## Local memory

## Learning Objectives * Learn about tiling using local memory * Learn about how to synchronize work-groups

#### Cost of accessing global memory

* As we covered earlier global memory is very expensive to access. * Even with coalesced global memory access if you are accessing the same elements multiple times that can be expensive. * Instead you want to cache those values in a lower latency memory.

#### Why are image convolutions good on a GPU?

![SYCL](../common-revealjs/images/cost_of_global_memory_access.png "SYCL")

* Looking at the image convolution example. * For each output pixel we are reading up to NxM pixels from the input image, where N and M are the dimensions of the filter. * This means each input pixel is being read up to NxM times: * 3x3 filter: up to 9 ops. * 5x5 filter: up to 25 ops. * 7x7 filter: up to 49 ops. * If each of these operations is a separate load from global memory this becomes very expensive.

#### Using local memory

![SYCL](../common-revealjs/images/local_memory.png "SYCL")

* The solution is local memory. * Local memory is generally on-chip and doesn't have a cache as it's managed manually so is much lower latency. * Local memory is a smaller dedicated region of memory per work-group. * Local memory can be used to cache, allowing us to read from global memory just once and then read from local memory instead, often referred to as a scratchpad.

#### Tiling

![SYCL](../common-revealjs/images/tiling.png "SYCL")

* The iteration space of the kernel function is mapped across multiple work-groups. * Each work-group has it's own region of local memory. * You want to split the input image data into tiles, one for each work-group.

#### Local accessors

auto scratchpad = sycl::accessor<int, 1, sycl::access::target::local>(sycl::range{workGroupSize}, cgh);

* Local memory is allocated via an `accessor` with the `access::target::local` access target. * Unlike regular `accessor`s they are not created with a `buffer`, they allocate memory per work-group for the duration of the kernel function. * The `range` provided is the number of elements of the specified type to allocate per work-group.

#### Synchronization

* Local memory can be used to share partial results between work-items. * When doing so it's important to synchronize between writes and read to memory to ensure all work-items have reached the same point in the program.

#### Synchronization

![SYCL](../common-revealjs/images/barrier_1.png "SYCL")
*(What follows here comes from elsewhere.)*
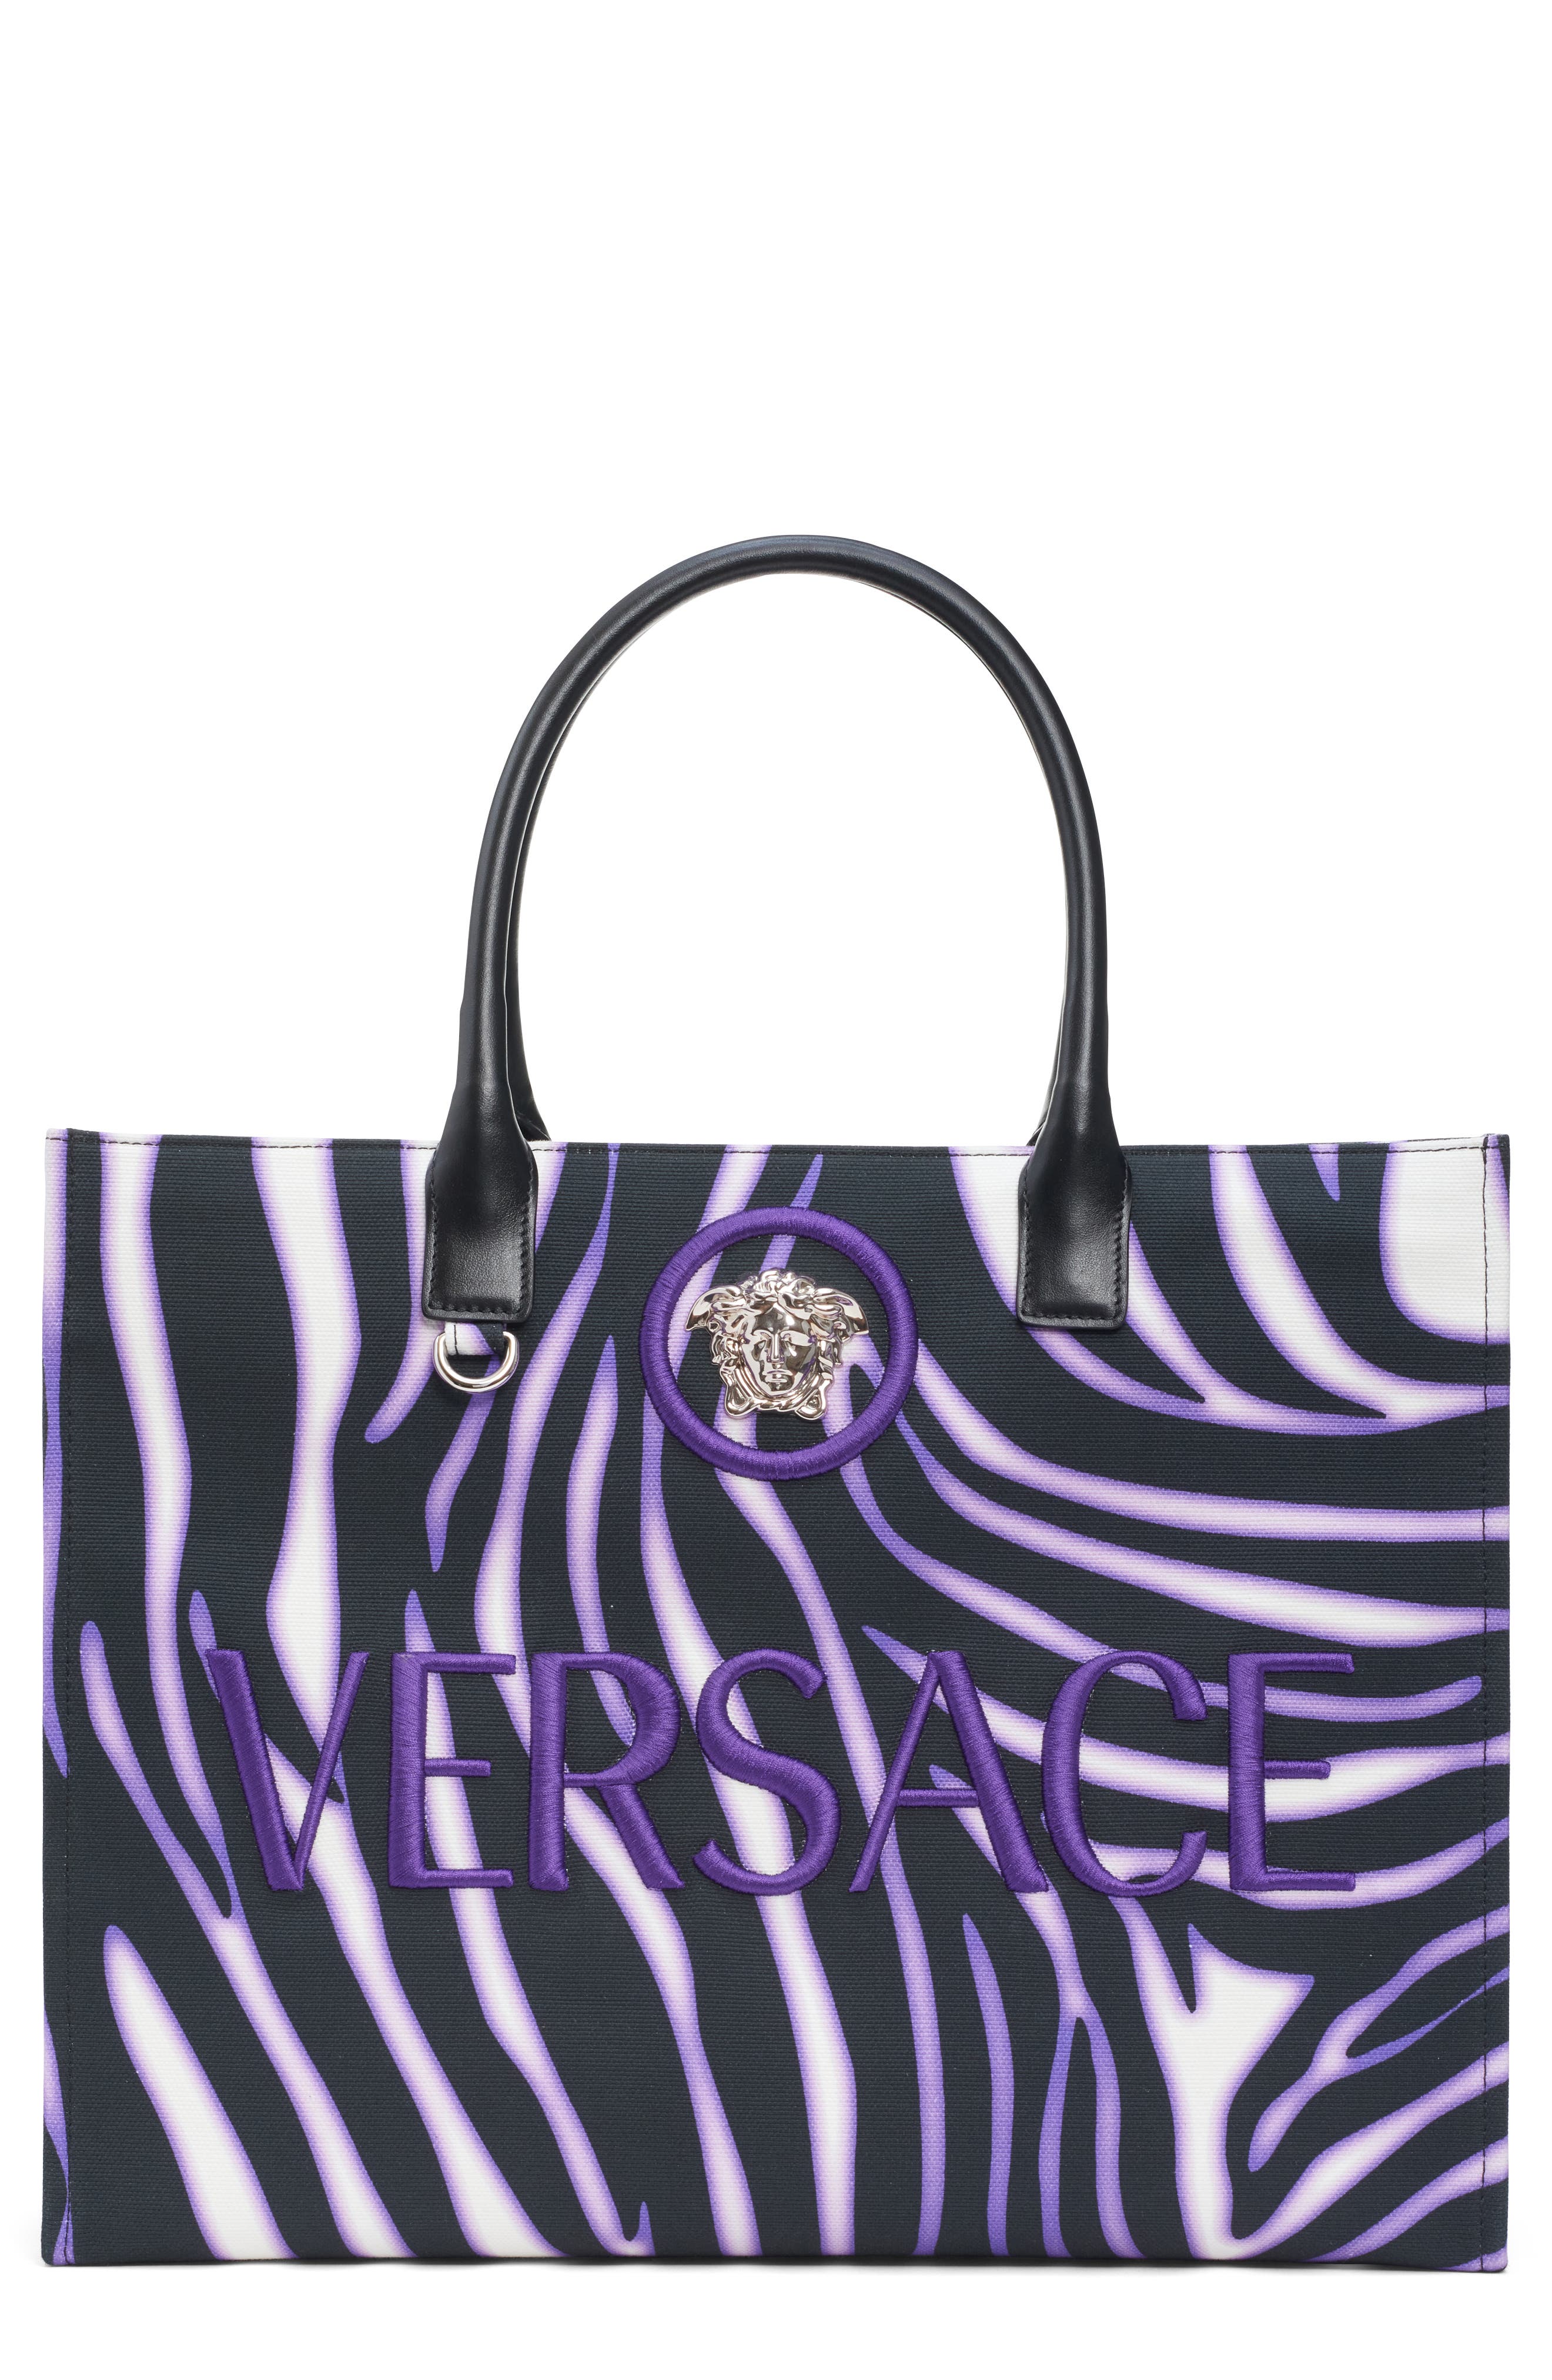 Versace La Madusa White & Black Large Tote Bag

* Remember that work-items are not guaranteed to all execute at the same time (in parallel).

#### Synchronization

![SYCL](../common-revealjs/images/barrier_2.png "SYCL")

* A work-item can share results with other work-items via local (or global) memory.

#### Synchronization

![SYCL](../common-revealjs/images/barrier_3.png "SYCL")

* This means it's possible for a work-item to read a result that hasn't been written to yet. * This creates a data race.

#### Synchronization

![SYCL](../common-revealjs/images/barrier_4.png "SYCL")

* This problem can be solved with a synchronization primitive called a work-group barrier.

#### Synchronization

![SYCL](../common-revealjs/images/barrier_5.png "SYCL")

* When a work-group barrier is inserted work-items will wait until all work-items in the work-group have reached that point.

#### Synchronization

![SYCL](../common-revealjs/images/barrier_6.png "SYCL")

* Only then can any work-items in the work-group continue execution.

#### Synchronization

![SYCL](../common-revealjs/images/barrier_7.png "SYCL")

* So now you can be sure that all of the results that you want to read have been written to.

#### Synchronization

![SYCL](../common-revealjs/images/barrier_8.png "SYCL")

* However note that this does not apply across work-group boundaries. * So if you write in a work-item of one work-group and then read it in a work-item of another work-group you again have a data race. * Furthermore, remember that work-items can only access their own local memory and not that of any other work-groups.

#### Group_barrier

sycl::group_barrier(item.get_group());

* Work-group barriers can be invoked by calling `group_barrier` and passing a `group` object. * You can retrieve a `group` object representing the current work-group by calling `get_group` on an `nd_item`. * Note this requires the `nd_range` variant of `parallel_for`.

#### Local memory image convolution performance

![SYCL](../common-revealjs/images/image_convolution_performance_local_mem.png "SYCL")

## Questions

#### Exercise

Code_Exercises/Local_Memory_Tiling/source

Use local memory to cache a tile of the input image data per work-group.